Sustaining innovation strategy:
Irrespective of the greatness, every innovation faces the reality of competition. It does not matter how well an innovation helps the customers execute their jobs, willingness to pay keeps drifting downward. It happens due to competition responses in the forms of replication, imitation, innovation, and substitution. Even, magical iPhone could not avoid this reality. Hence, for sustaining, innovation strategy should fend off this reality by developing capacity for releasing successive better versions at regular intervals. This is a solid strategic response for dealing with eroding willingness to pay and expanding the customer base. In the absence of it, iPhone’s success could have been history, as the sale of the iPhone 1 came down to near zero just within one year. For realizing successive better versions, innovators should have a strategy of creating a flow of ideas through in-house R&D, acquisition of capabilities from the outside, and building the supply chains.
Timing and leveraging externalities:
Timing highly matters in turning out innovative ideas into a profitable business. For example, some of the .com ideas that got bust in the late 90s have become innovation successes lately (2022). The underlying cause has been the timing. Due to the lack of resonance between innovative ideas, customer preferences, infrastructure, technology maturity, and standards, many great ideas falter. As Bill Gross identifies, although ideas, funding, team, and business model matter, timing is the most important factor. Furthermore, innovation strategy should create and leverage positive externalities.

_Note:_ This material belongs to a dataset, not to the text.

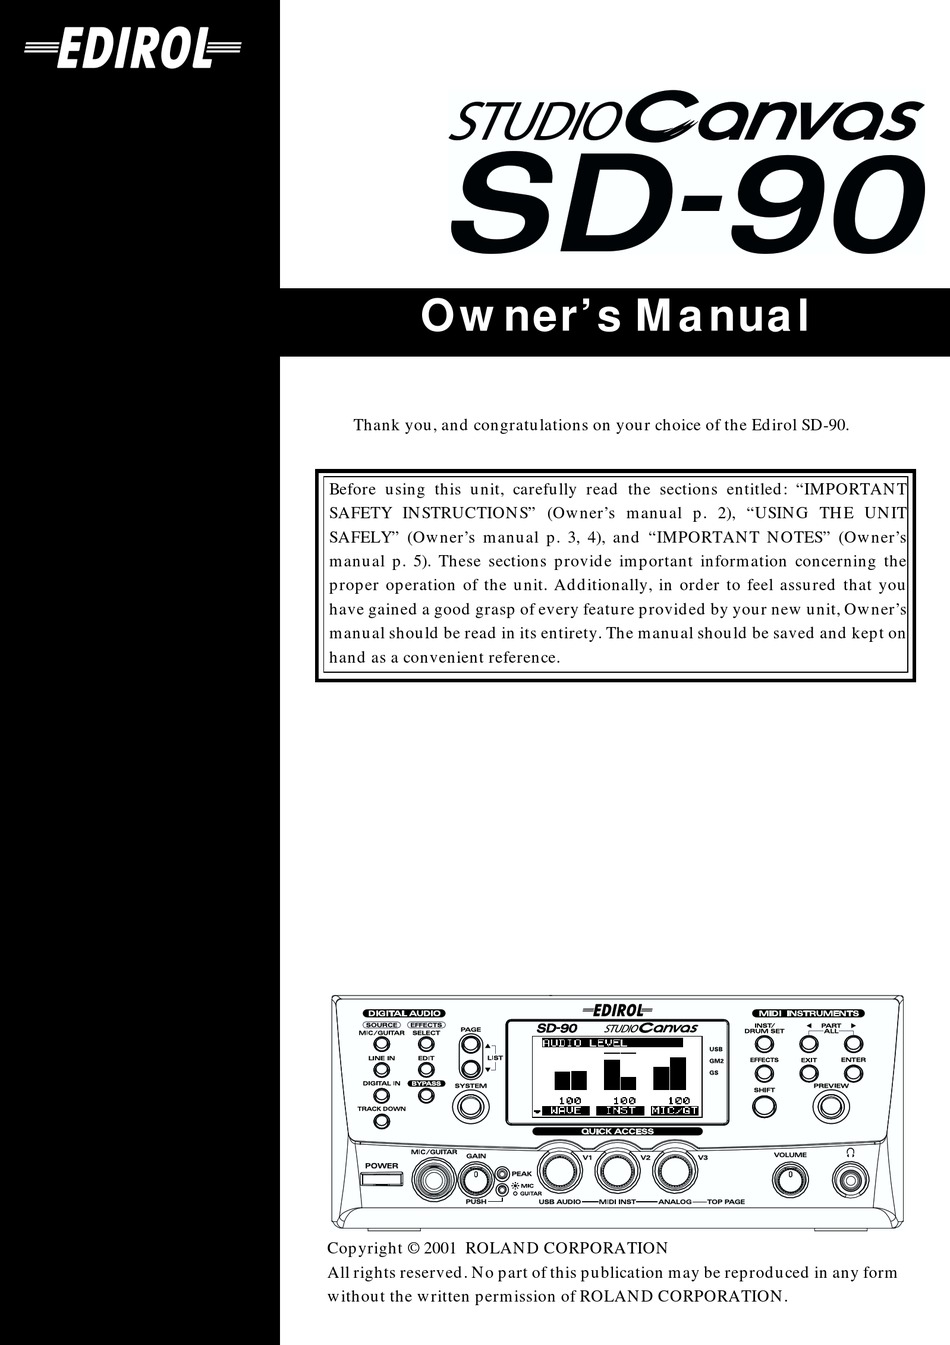 EDIROL STUDIO CANVAS SD-90 OWNER'S MANUAL Pdf Download | ManualsLib

Reinnovation for pursuing disruptive innovation strategy:
All the innovative products are around a certain technology core. For example, all the microwave ovens have a common technology core. Similarly, all the automobiles used to have the same gasoline technology core; now, an electric vehicle technology core has emerged. At the maturity of a given technology core, an opportunity of reinventing it arises. Subsequently, the reinvention of technology core opens up innovating new products and reinnovating existing ones. These dynamics open up the strategic possibility of forming new waves of creative destruction and pursuing disruptive innovation. For sure, pursuing a disruptive innovation strategy is quite different than incremental and sustaining ones.

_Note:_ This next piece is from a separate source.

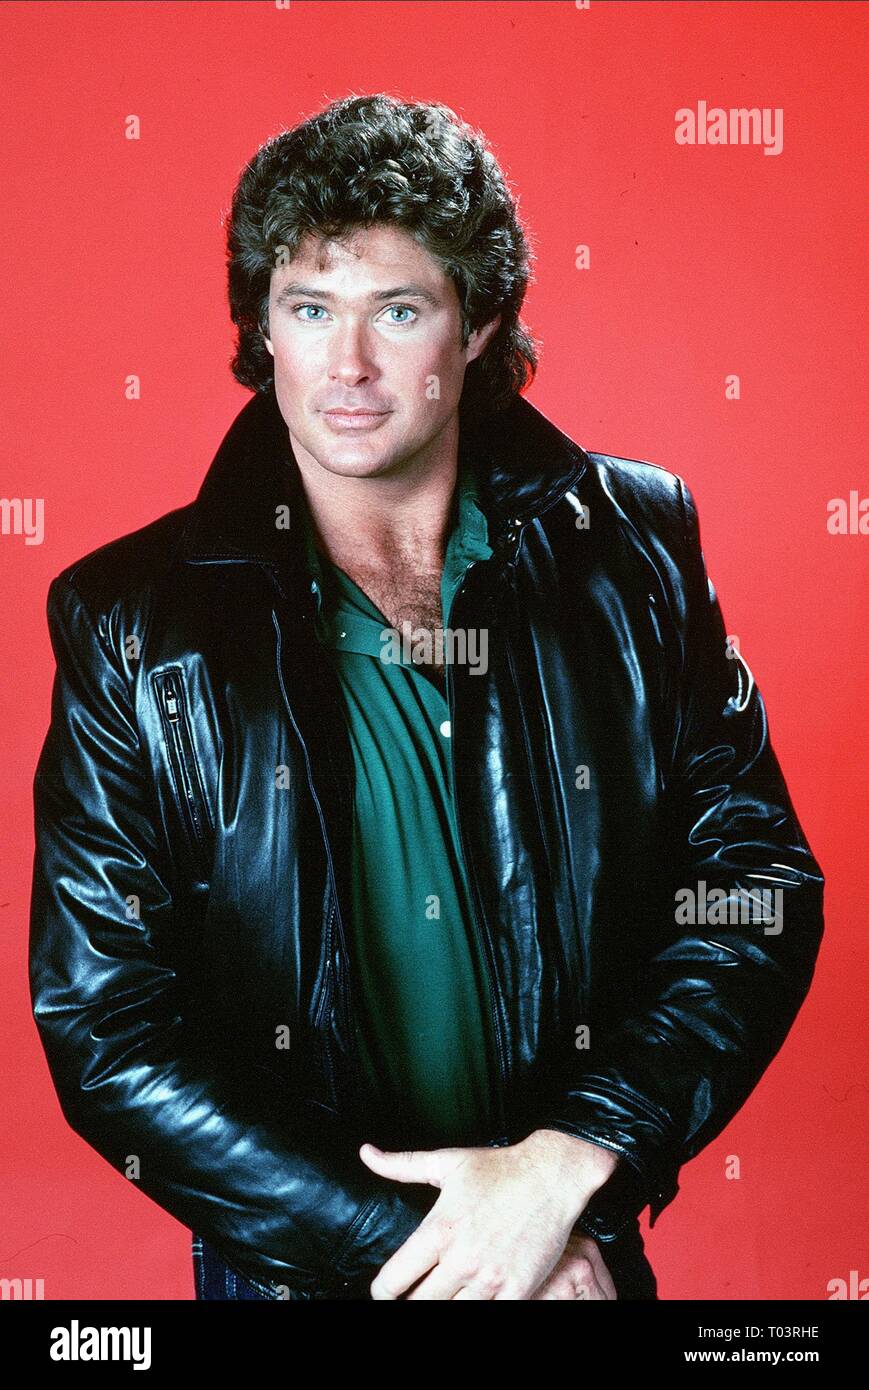 David Hasselhoff Knight Rider 1982 Stockfotografie Alamy

Innovation strategy for creating an imperfect market: blue ocean
In the innovation race, not all companies make the same rate of profit. For example, although both LG and Samsung make innovative smartphones, unlike Samsung, LG incurs a loss. The equilibrium between supply and demand does not set the price that all innovators take. Instead, the innovation race leads to the price-setting capability by the smart performers to make a profit while compelling others to incur a loss. Hence, the competition in ferreting out value from the market creates an imperfect market, forming a competitor-free blue ocean. In an extreme situation, the winner takes all. Therefore, all the elements of an innovation strategy should form a synergy for creating price-setting capability. Of course, it would take place through cumulative effects.
The innovation strategy is at the core of systematically ferreting out value from the market out of ideas. Innovators should focus on creating economies of scale, scope, and externality effects for attaining the capability of offering the highest quality at a given price that nobody can match. It does not matter how great an idea is; innovation strategy is a must. In its absence, even followers take the lead from the inventors. Hence, a well-designed innovation strategy attaining a price-setting capability is an essential requirement.